WARNING: Deprecated in 7.15.0.

The Java REST Client is deprecated in favor of the Java API Client.

« Create calendars API Create datafeeds API »

› › ›

Create data frame analytics jobs API

IMPORTANT: This documentation is no longer updated. Refer to Elastic's version policy and the latest documentation.

Create data frame analytics jobs API

Creates a new data frame analytics job. The API accepts a PutDataFrameAnalyticsRequest object as a request and returns a PutDataFrameAnalyticsResponse.

Request

edit

A PutDataFrameAnalyticsRequest requires the following argument:

PutDataFrameAnalyticsRequest request = new PutDataFrameAnalyticsRequest(config);

The configuration of the data frame analytics job to create

Data frame analytics configuration

edit

The DataFrameAnalyticsConfig object contains all the details about the data frame analytics job configuration and contains the following arguments:

DataFrameAnalyticsConfig config = DataFrameAnalyticsConfig.builder()
    .setId("my-analytics-config") 
    .setSource(sourceConfig) 
    .setDest(destConfig) 
    .setAnalysis(outlierDetection) 
    .setAnalyzedFields(analyzedFields) 
    .setModelMemoryLimit(new ByteSizeValue(5, ByteSizeUnit.MB)) 
    .setDescription("this is an example description") 
    .setMaxNumThreads(1) 
    .build();

	The data frame analytics job ID
	The source index and query from which to gather data
	The destination index
	The analysis to be performed
	The fields to be included in / excluded from the analysis
	The memory limit for the model created as part of the analysis process
	Optionally, a human-readable description
	The maximum number of threads to be used by the analysis.
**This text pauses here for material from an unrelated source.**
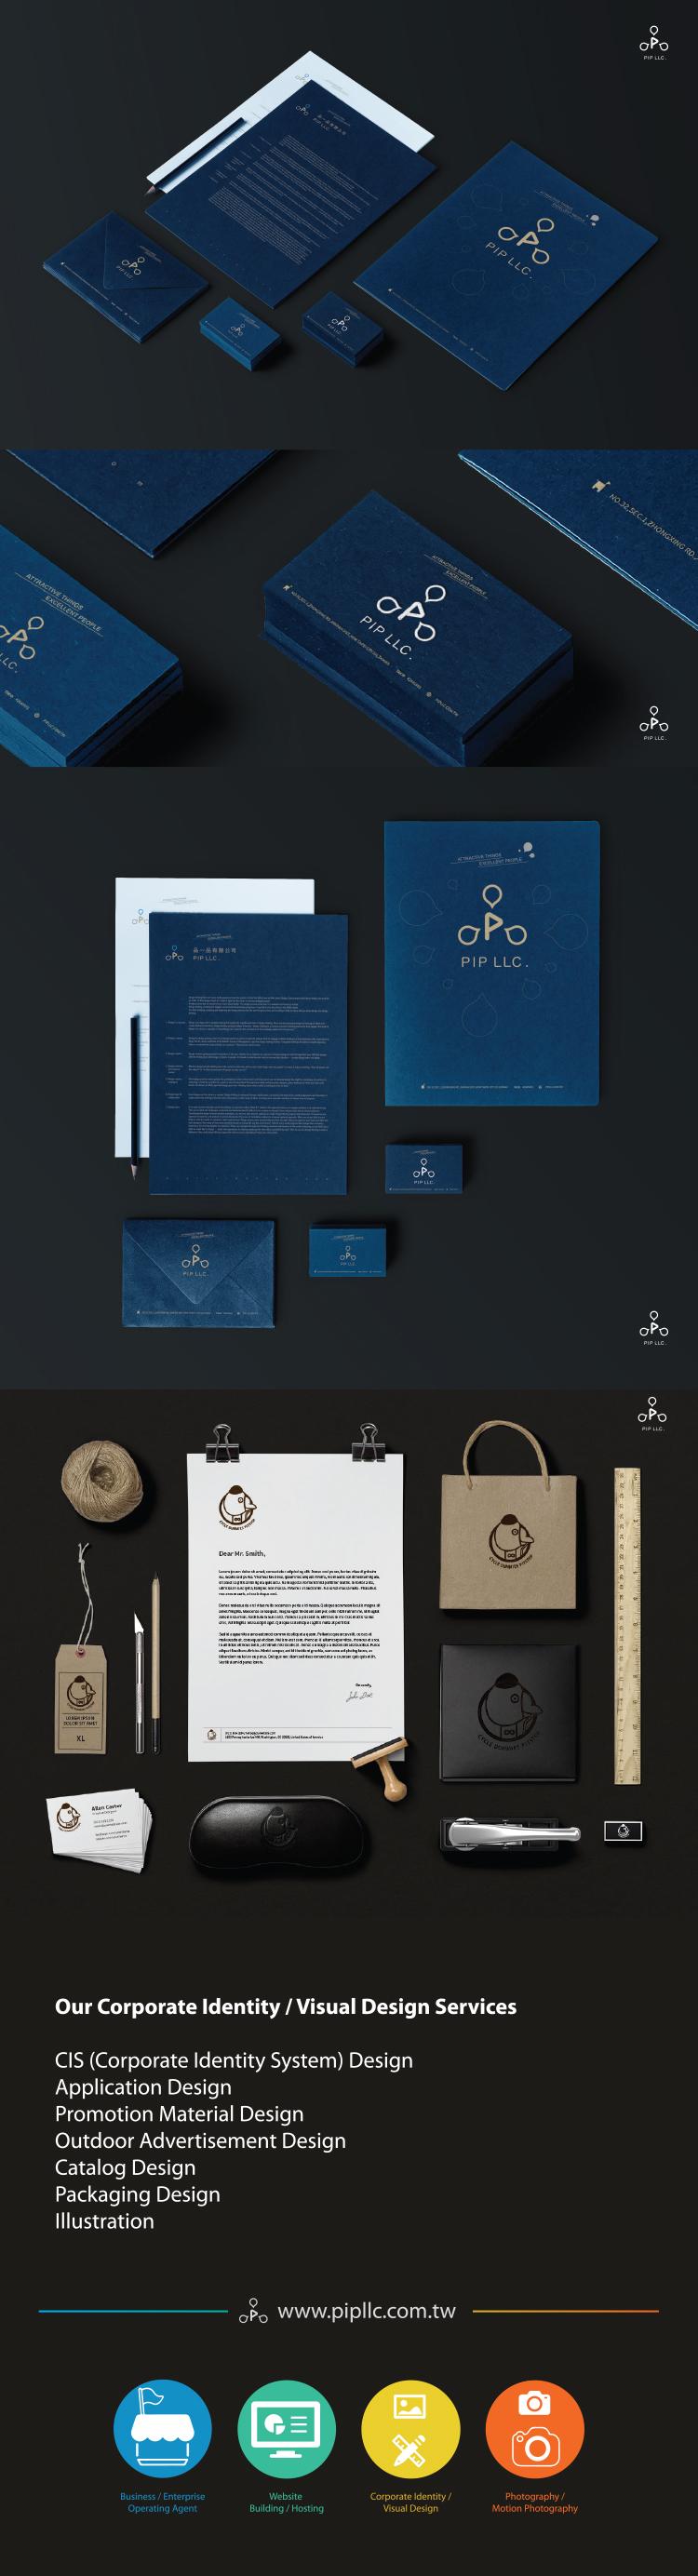 pip-design-service
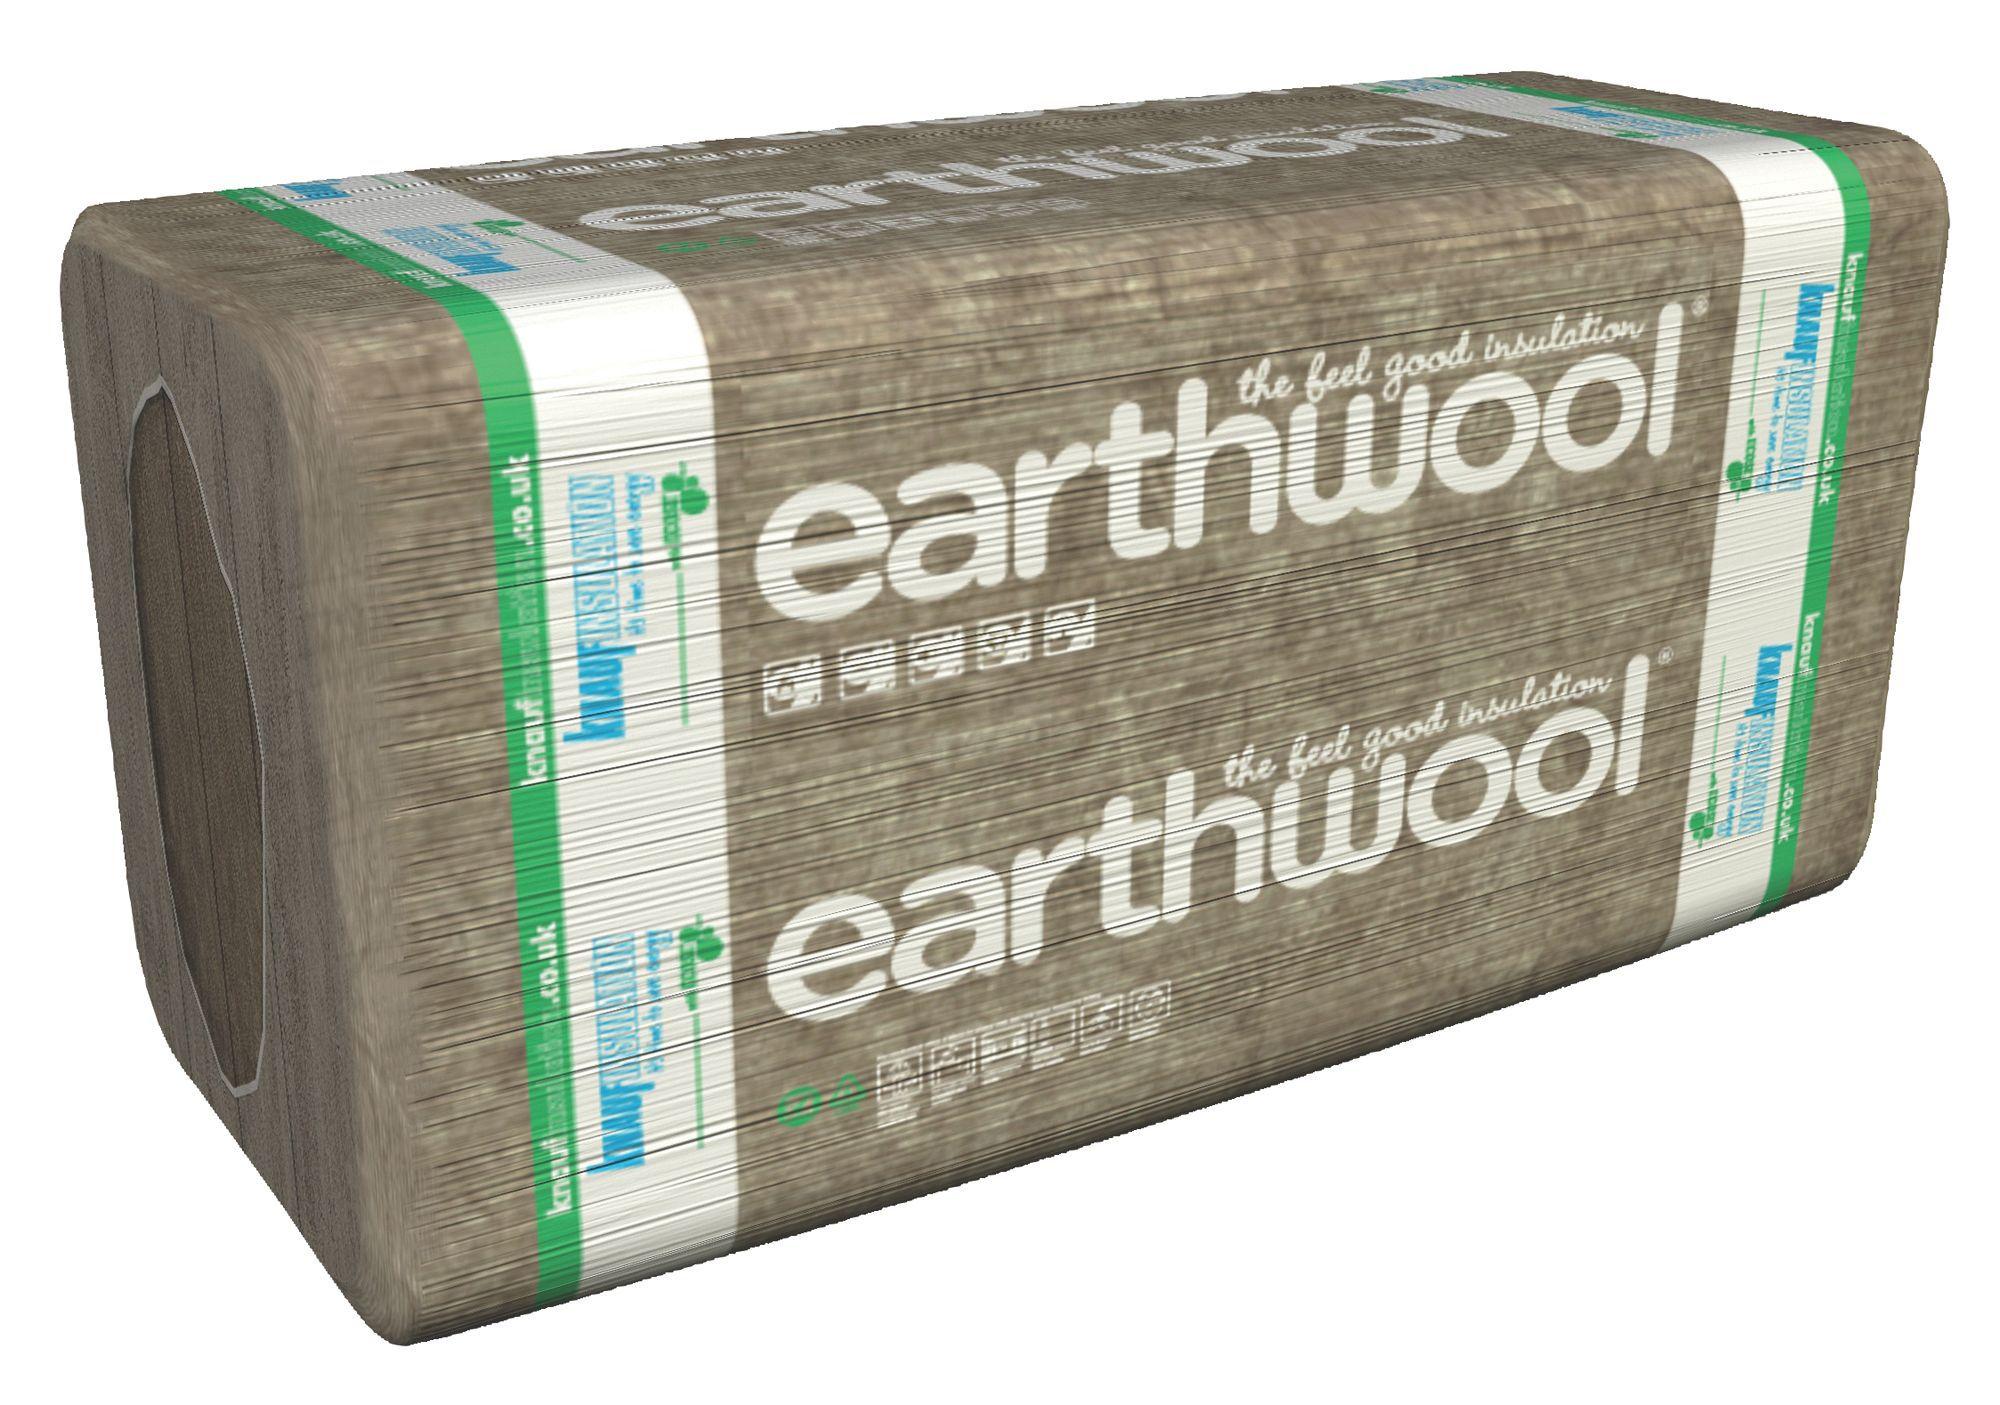 Knauf Earthwool Cavity Slab 12m 600mm 50mm Departments  : 501206182903701c from www.diy.com size 2000 x 1405 jpeg 337kB

Defaults to 1.

SourceConfig

edit

The index and the query from which to collect data.

DataFrameAnalyticsSource sourceConfig = DataFrameAnalyticsSource.builder() 
    .setIndex("put-test-source-index") 
    .setQueryConfig(queryConfig) 
    .setRuntimeMappings(runtimeMappings) 
    .setSourceFiltering(new FetchSourceContext(true,
        new String[] { "included_field_1", "included_field_2" },
        new String[] { "excluded_field" })) 
    .build();

	Constructing a new DataFrameAnalyticsSource
	The source index
	The query from which to gather the data. If query is not set, a `match_all` query is used by default.
	Runtime mappings that will be added to the destination index mapping.
	Source filtering to select which fields will exist in the destination index.

QueryConfig

edit

The query with which to select data from the source.

QueryConfig queryConfig = new QueryConfig(new MatchAllQueryBuilder());

DestinationConfig

edit

The index to which data should be written by the data frame analytics job.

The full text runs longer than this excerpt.